1 Team, 11 Länder, 36 Tage: Wie das virtuelle Expresslabor zum Erfolg wurde

Typ: Meldung , Schwerpunktthema: Digitalisierungslabor , Datum: 29.10.2020

Zu Beginn der Corona-Zeit wurden existenzsichernde OZG-Leistungen priorisiert und beschleunigt digitalisiert. In nur knapp einem Monat wurde das IfSG-Onlineverfahren entwickelt – wie ist das gelungen? Projektverantwortliche von Bund und Ländern sowie ein Sachbearbeiter erzählen von ihren Erfahrungen.

Zu Beginn der Corona-Zeit wurde in der OZG-Umsetzung schnell auf die neue Krisensituation reagiert. Das hat ein interdisziplinäres Projektteam eindrucksvoll bewiesen und ein ganzes Verfahren im Expressdurchlauf digitalisiert: den Antrag auf Lohnfortzahlung bei Quarantäne und Betreuungserfordernis von Kindern aufgrund geschlossener Einrichtungen. Umgesetzt wurde das Ganze im April 2020, in nur knapp einem Monat und komplett virtuell. Seit Mitte Mai können Bürgerinnen und Bürger die Leistung bereits in elf Bundesländern bequem von zuhause aus beantragen. Die Bearbeitungszeit verkürzt sich um die Hälfte, das Geld kommt schneller an. Wie ist man bei diesem Leuchtturmprojekt vorgegangen?

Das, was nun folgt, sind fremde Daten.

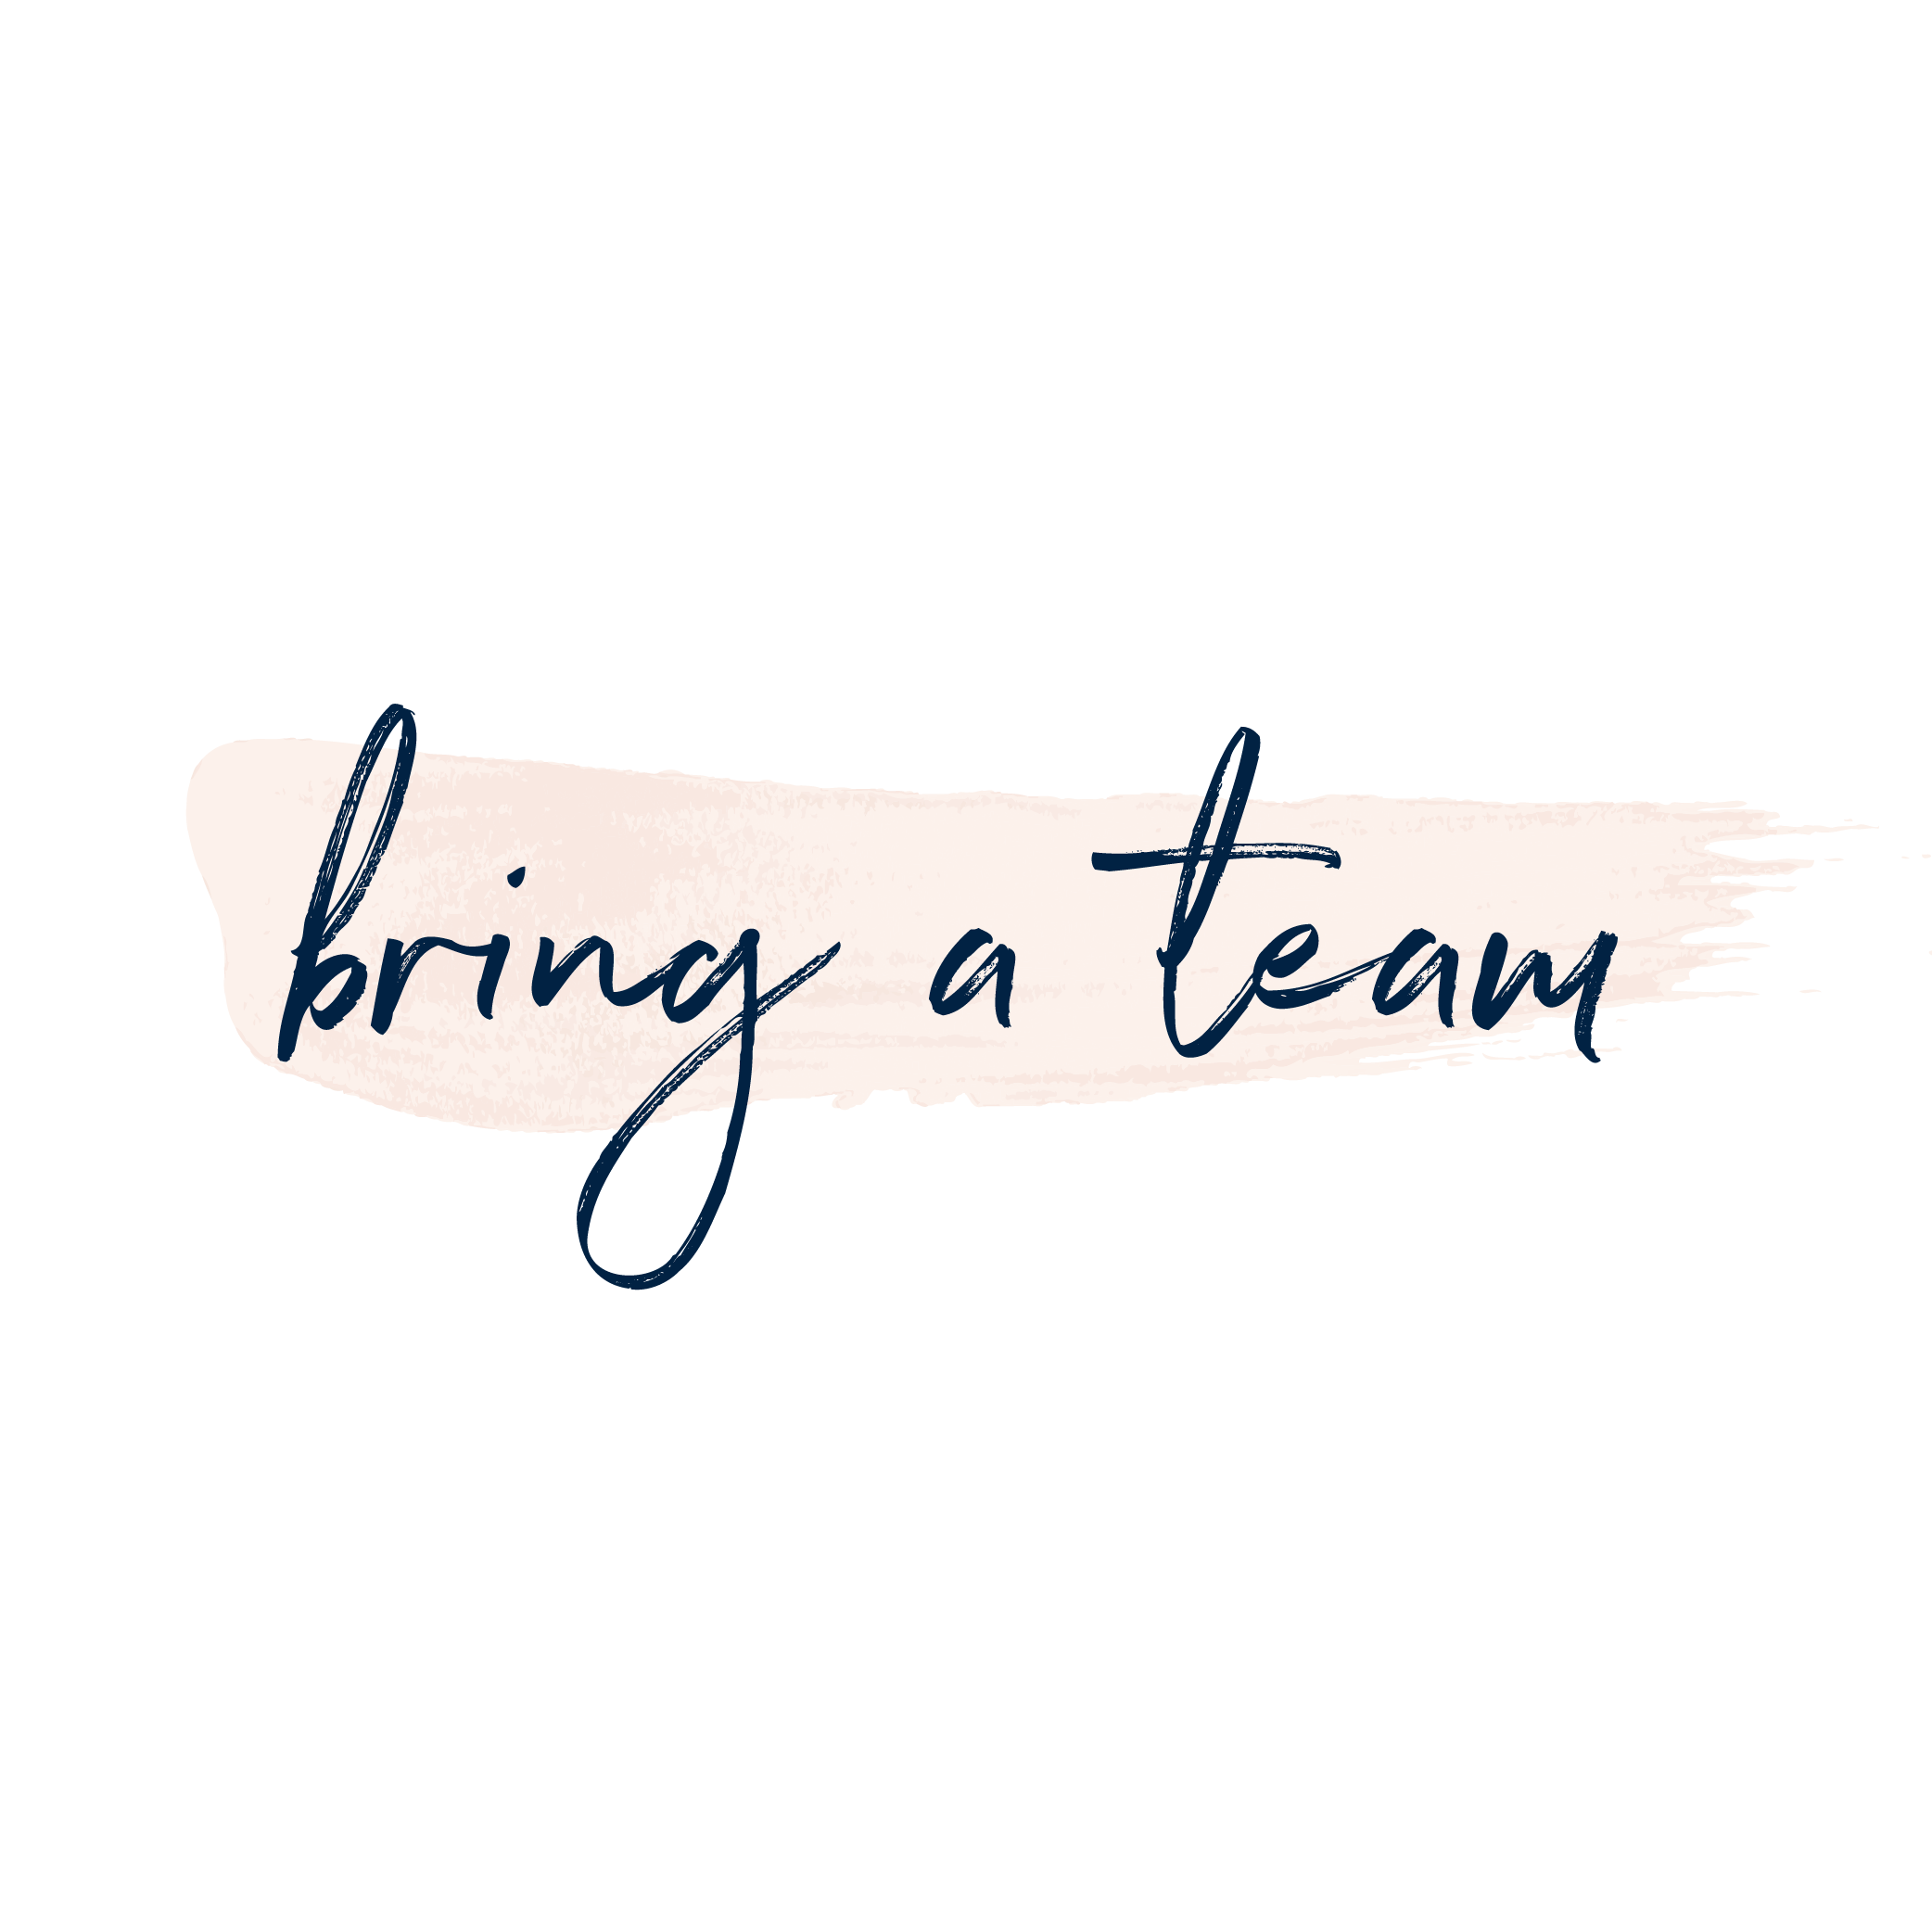 bring a team (Copy)

IfSG-Online IfSG-Online (Vergrößerung öffnet sich im neuen Fenster) Quelle: stokpic / Pixabay So sieht der IfSG-Antrag aus.

Die gesetzliche Grundlage für den Anspruch auf Lohnfortzahlung bei quarantänebedingter Arbeitsunfähigkeit gibt es bereits seit 1960, jedoch wurde er bislang kaum geltend gemacht. 2019 gab es zum Beispiel in ganz Deutschland weniger als 200 Anträge, zuständige Behörden stellten deshalb häufig nicht mal ein Antragsformular zur Verfügung. Doch im Zuge der Corona-Pandemie stieg die Nachfrage 2020 rasch an, Ende März verabschiedete der Bundestag dazu noch ein neues Gesetz, wonach nicht nur Personen in Quarantäne anspruchsberechtigt sind, sondern auch von Kita- oder Schulschließungen betroffene Eltern. Um der Vielzahl an Anträgen Herr zu werden und eine einfache, kontaktlose Beantragung zu ermöglichen, hat im April ein interdisziplinäres Team aus Expertinnen und Experten, Entwicklerinnen und Entwicklern sowie einem Projektleiter in drei Schritten ein Onlineverfahren im Rahmen des Infektionsschutzgesetzes (IfSG) entwickelt, das nach nur 36 Tagen einsatzfähig war:

Schritt 1: Konzeption im Projektteam

Das Projektteam hat eng mit Fachleuten aus den elf teilnehmenden Bundesländern zusammengearbeitet und die Anträge konzipiert. Die Entwicklung ging schnell voran, Datenfelder und Prozesse wurden pragmatisch mit Excel und Word dokumentiert und statt eines neuen Klickprototyps wurden Design und Nutzererfahrung aus bestehenden IT-Verfahren genutzt; so konnte viel Zeit in der Entwicklung gewonnen werden. Ziel war es - genauso wie in allen anderen OZG-Digitalisierungsprozessen - das Antragsverfahren aus Sicht der Nutzerinnen und Nutzer möglichst einfach und verständlich zu gestalten.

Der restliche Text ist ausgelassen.